Data excerpt:
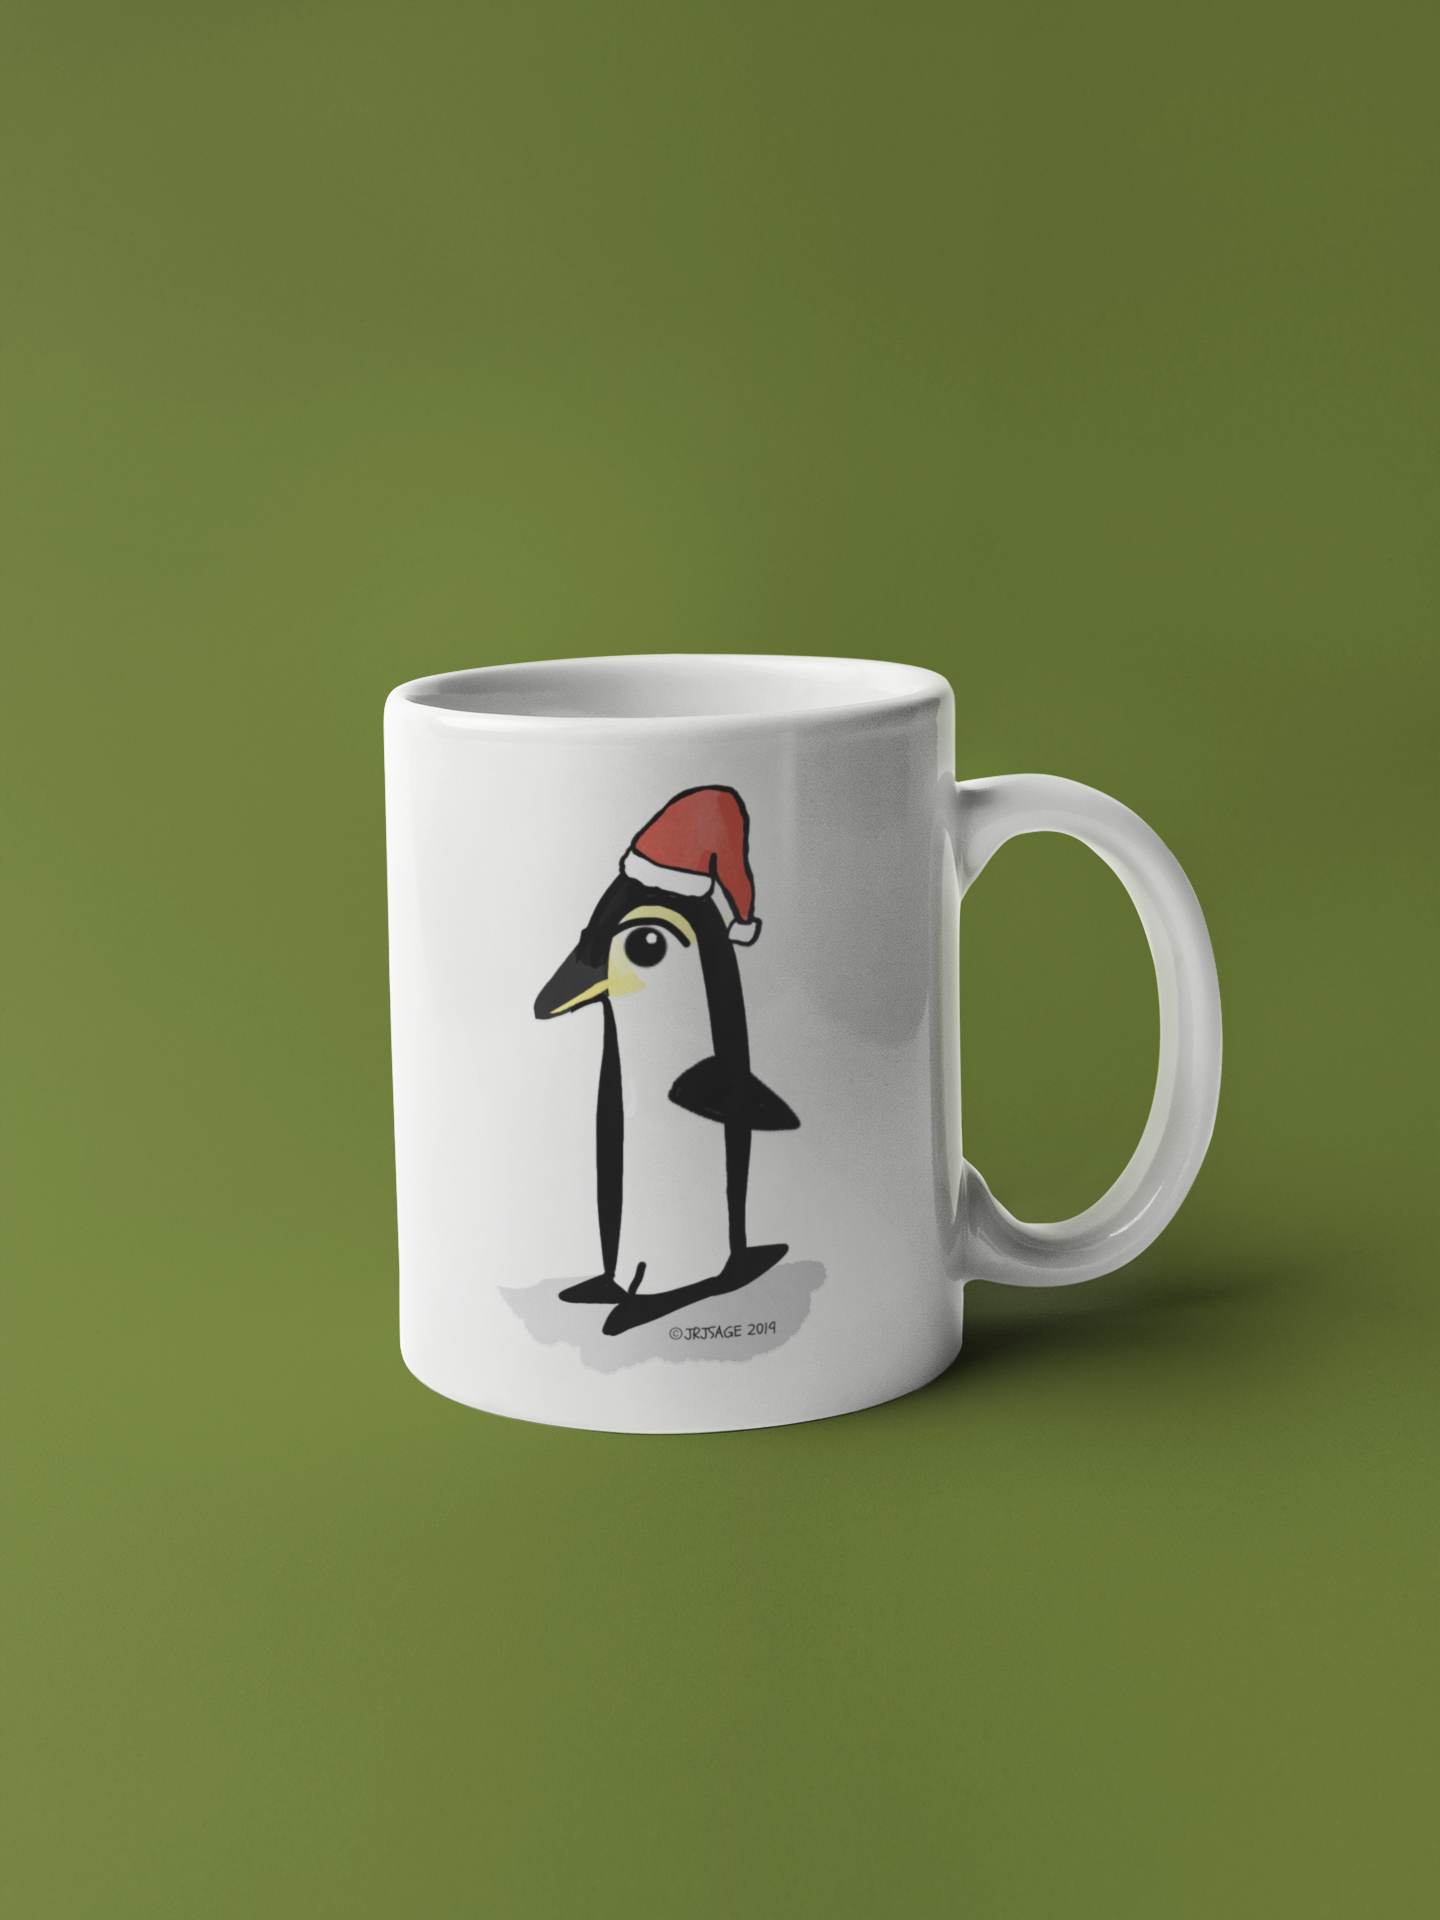 Santa Penguin Christmas coffee mug design by Hector and Bone cute animal wearing Xmas hat
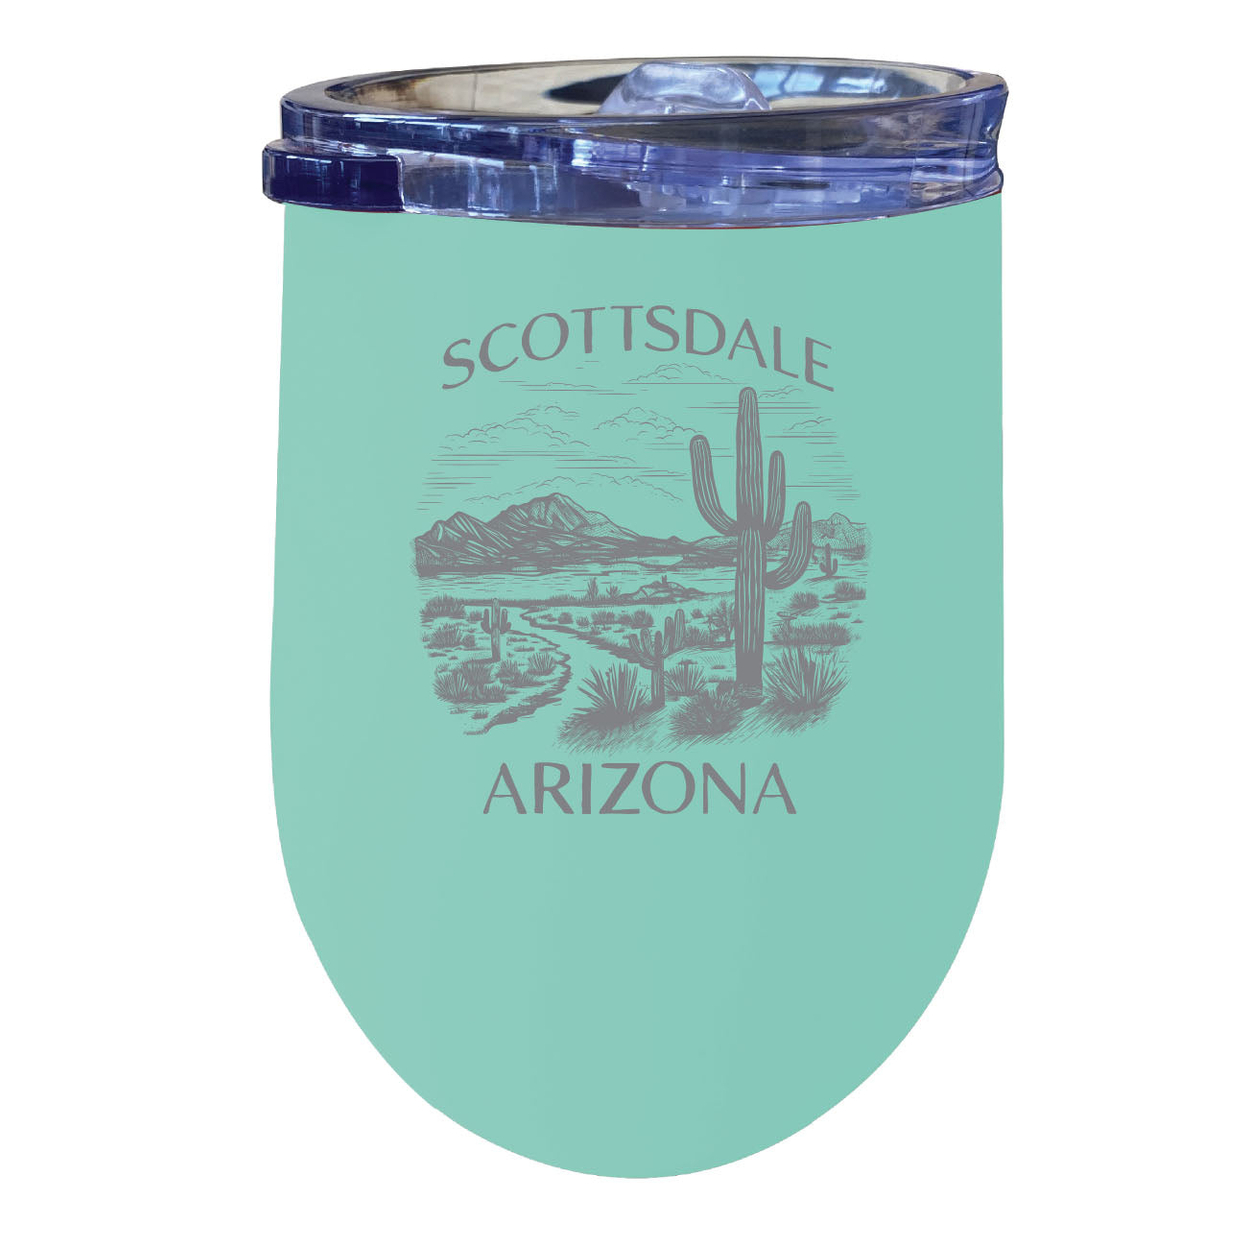 Scottsdale Arizona Souvenir 12 Oz Engraved Insulated Wine Stainless Steel Tumbler - Seafoam,,Single Unit
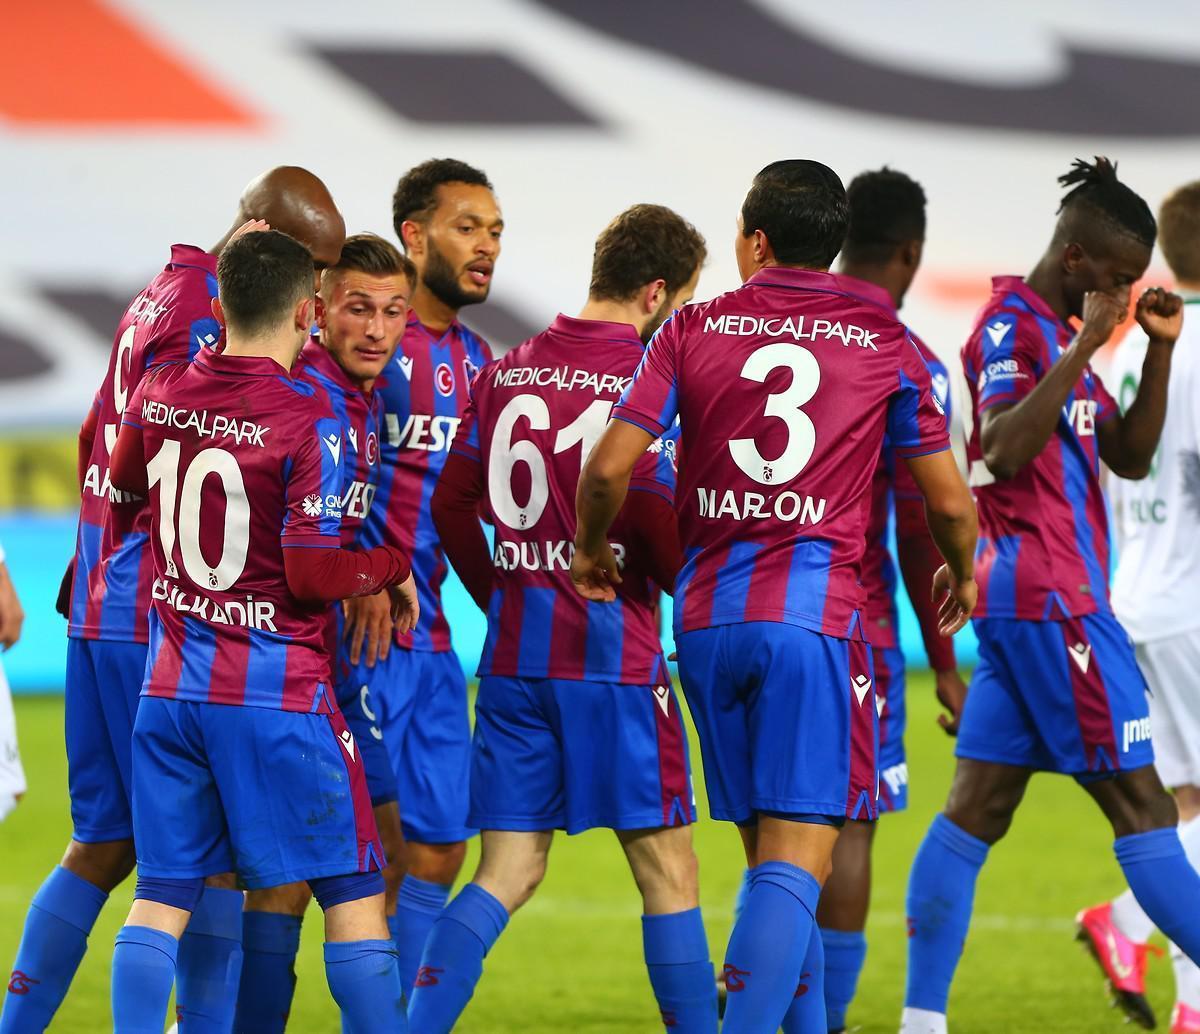 (ÖZET) Trabzonspor - Konyaspor maç sonucu: 3-1

Task statement: Print all the lines above exactly as they are, but without the pictures.

Task result:
 Santa Penguin Christmas coffee mug design by Hector and Bone cute animal wearing Xmas hat
 Scottsdale Arizona Souvenir 12 Oz Engraved Insulated Wine Stainless Steel Tumbler - Seafoam,,Single Unit
 (ÖZET) Trabzonspor - Konyaspor maç sonucu: 3-1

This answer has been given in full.